Nom officiel : Royaume du Maroc
Nature du régime : Monarchie
Chef de l’Etat : Le Roi Mohammed VI (intronisé le 30 juillet 1999)
Chef de gouvernement : M. Abdelilah Benkirane (depuis le 29 novembre 2011)

Données géographiques

Superficie : 446.550 km2
Capitale : Rabat
Villes principales : Casablanca, Fès, Tanger, Meknès, Marrakech, Salé, Agadir
Langue (s) officielle (s) : arabe, tamazight
Langue (s) courante (s) : arabe dialectal (darija), langues berbères, français (commerce, politique, diplomatie)
Monnaie : dirham marocain 1 euro = ± 11,1 MAD
Fête nationale : 30 juillet (Fête du Trône)

Données démographiques
Sources : DNS, CIA World Factbook, rapport du PNUD

Population : 33,3 millions (estimation 2014 CIA World Factbook)
Densité : 75,7 hab./km2
Croissance démographique : +1%
Espérance de vie : 76,7 ans
Taux d’alphabétisation : 70%
Religion (s) : islam sunnite de rite malékite (99 %), christianisme, judaïsme (1 %)
Indice de développement humain : 0,617, 126e (classement 2015)

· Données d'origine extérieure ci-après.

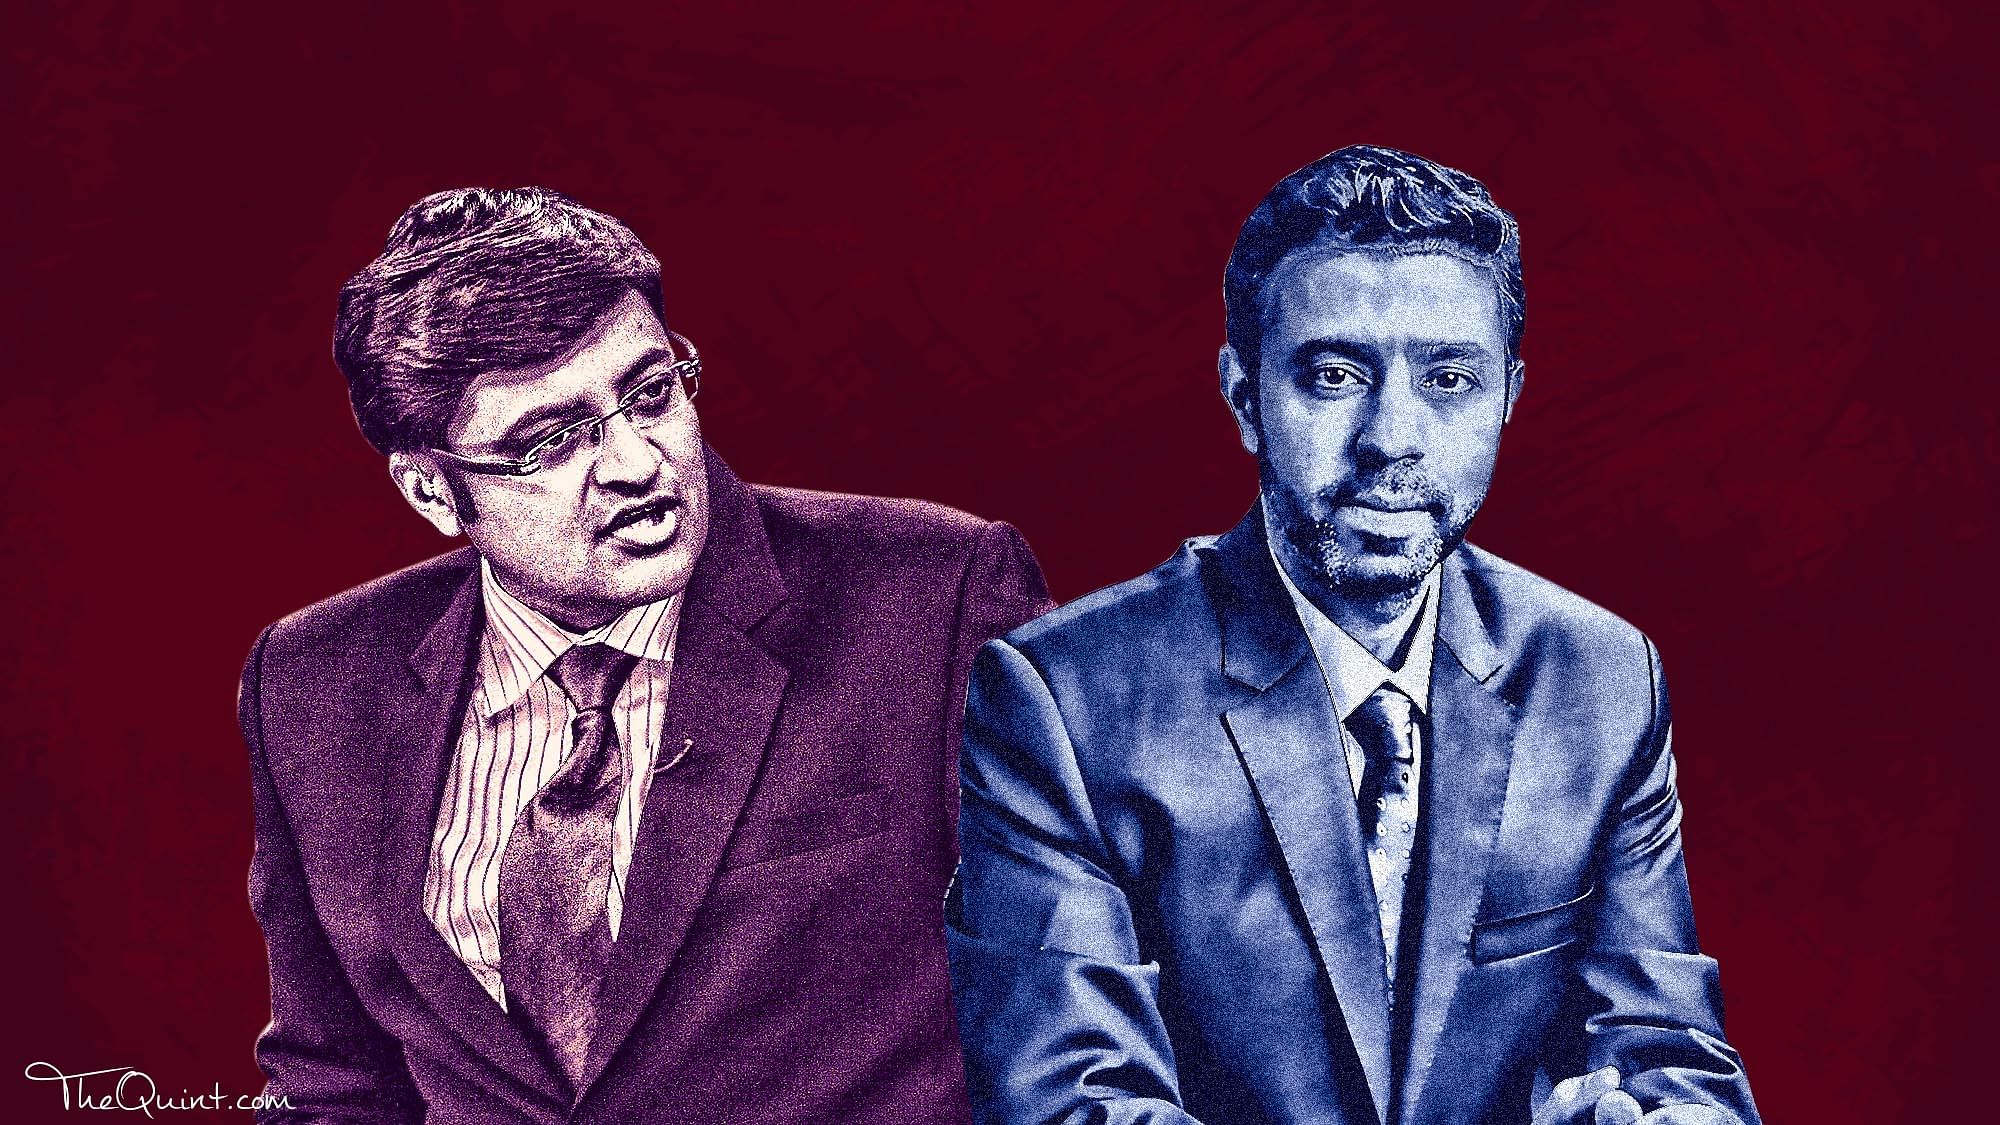 Times Now has caught up with Republic TV in the race for television ratings (Photo: Rhythum Seth/The Quint)

Données économiques (2015, sauf mention contraire)

PIB : 97,1 Mds € (à taux de change constant)
PIB par habitant : 2.900 € /hab
Taux de croissance : +2.9% (3.6% hors agriculture) 2014, 4,4 % (prévision 2015 du FMI)
Taux de chômage (au sens du BIT) : 9.8%
Taux d’inflation : 1,5 %
Dette publique : 63,9% du PIB
Déficit budgétaire : -3,5% du PIB
Balance commerciale : -17.6% du PIB
Principaux clients (2014) : Espagne 22%, France 20,5%, Brésil 4,6%
Principaux fournisseurs (2014) : Espagne 13,4 %, France 13,3%, Chine 7,6%

Part des principaux secteurs d’activités dans le PIB :

  • agriculture : 17 %
  • industrie : 28 %
  • services : 55 %

Exportations de la France vers le Maroc : 3,8 Mds € (2014)
Importations françaises depuis le Maroc : 4.4 Md€ = 3,6 Mds € (2014)

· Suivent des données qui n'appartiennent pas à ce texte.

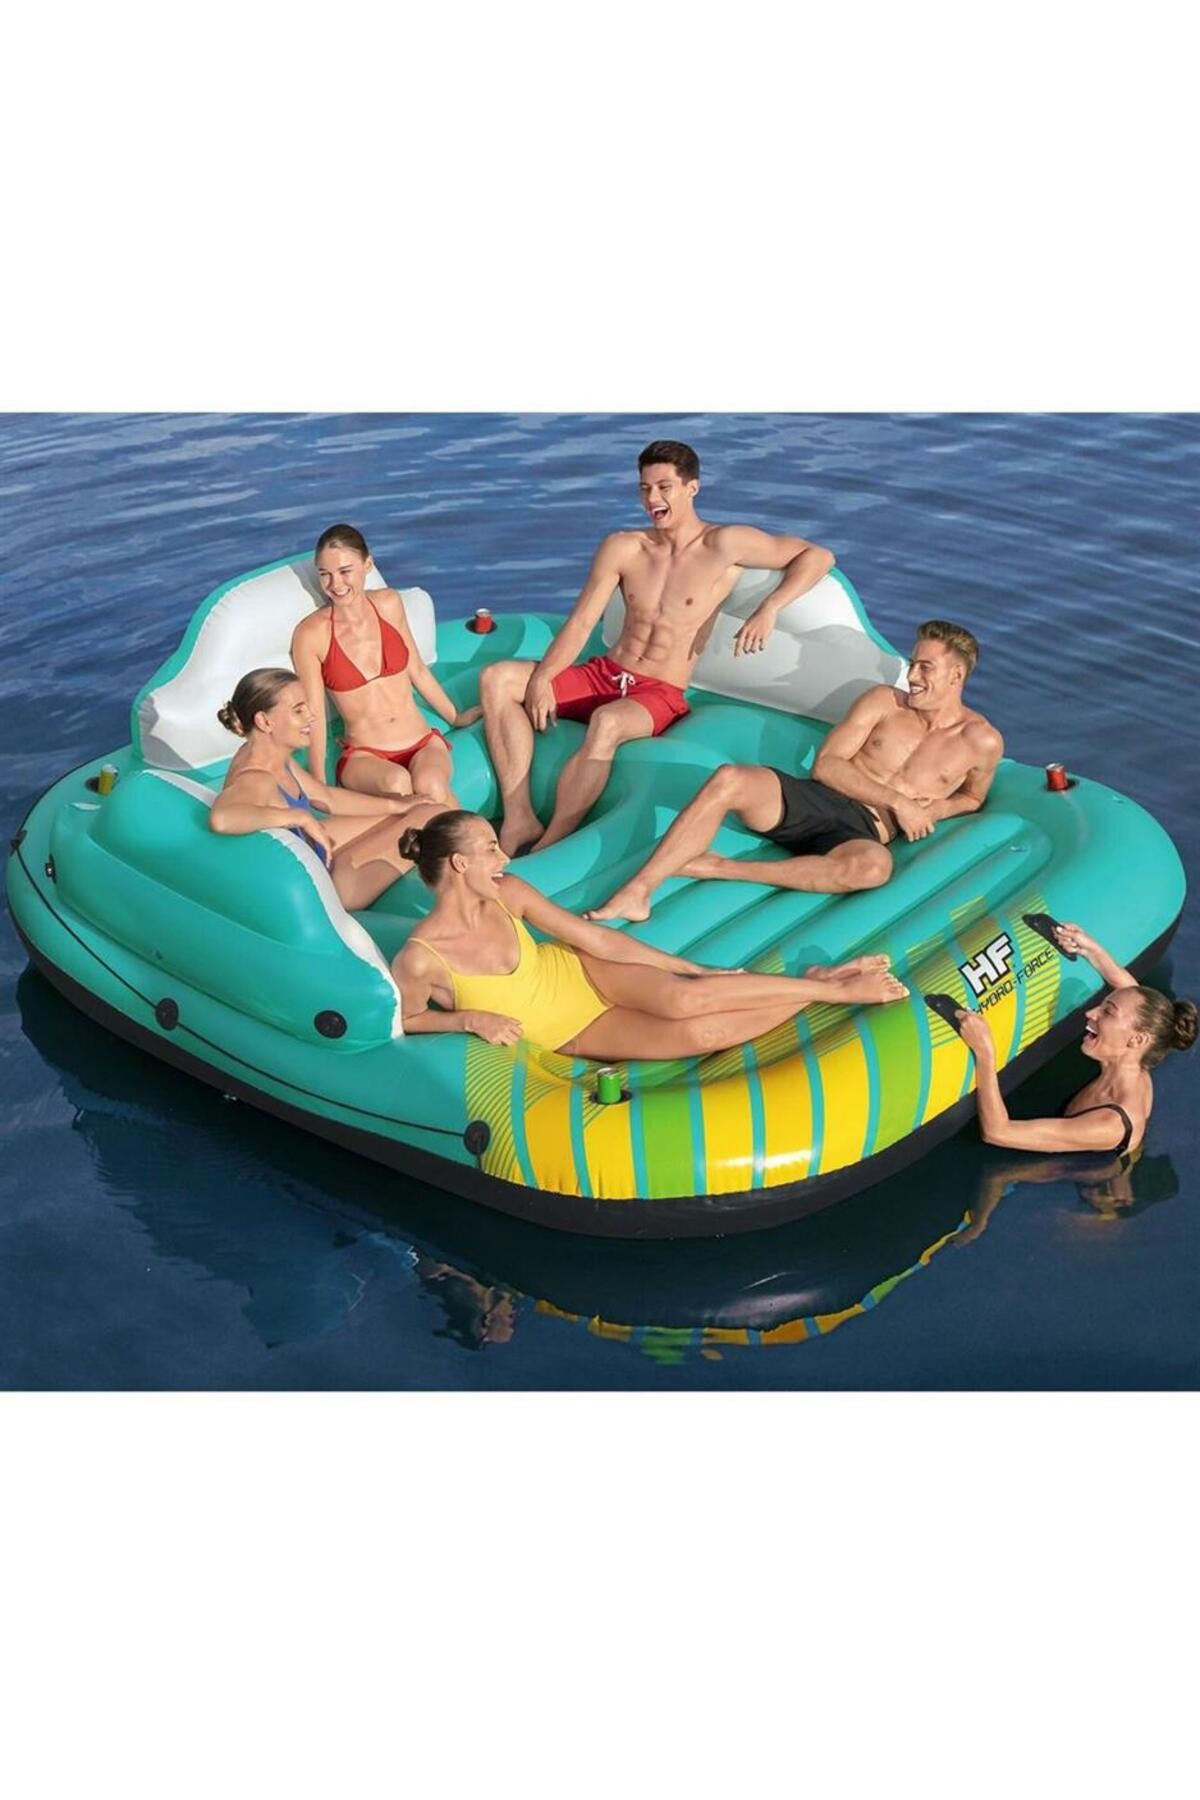 Hydro Force island with sunshade for 5 people

Sources : FMI, DGTPE, service économique de l’ambassade de France au Maroc, CIA World Factbook

6 consulats généraux de France : Agadir, Casablanca, Fès, Marrakech, Rabat, Tanger
Communauté française au Maroc : à l’été 2015, 50.455 ressortissants étaient inscrits au registre des Français établis hors de France, dont environ 50% de binationaux.
Communauté marocaine en France : estimée à 1.5M personnes.
15 Consulats marocains en France : Bastia, Bordeaux, Colombes, Dijon, Lille, Lyon, Marseille, Montpellier, Orléans, Paris, Pontoise, Rennes, Strasbourg, Toulouse et Villemomble

Politique intérieure

Le Roi Mohammed VI, au pouvoir depuis 1999, a engagé la modernisation politique, économique et sociale du pays : grands plans sectoriels, réformes du code de la famille et de la protection sociale, dynamisme de la société civile et progrès dans la transparence électorale. En 2006, le rapport de l’Instance équité et réconciliation, instituée par le Roi pour faire la lumière sur les violations des droits de l’Homme entre 1956 et 1999, a aussi été une étape marquante.

Le contexte régional au printemps 2011 a accéléré ce mouvement. Le Roi, dans son discours du 9 mars 2011, a annoncé une réforme constitutionnelle. La nouvelle Constitution, élaborée sur la base de consultations étendues (partis politiques, syndicats et société civile), a été adoptée lors du référendum du 1er juillet 2011. Le nouveau texte a clarifié la relation entre les pouvoirs et renforcé les rôles du chef de gouvernement et du Parlement.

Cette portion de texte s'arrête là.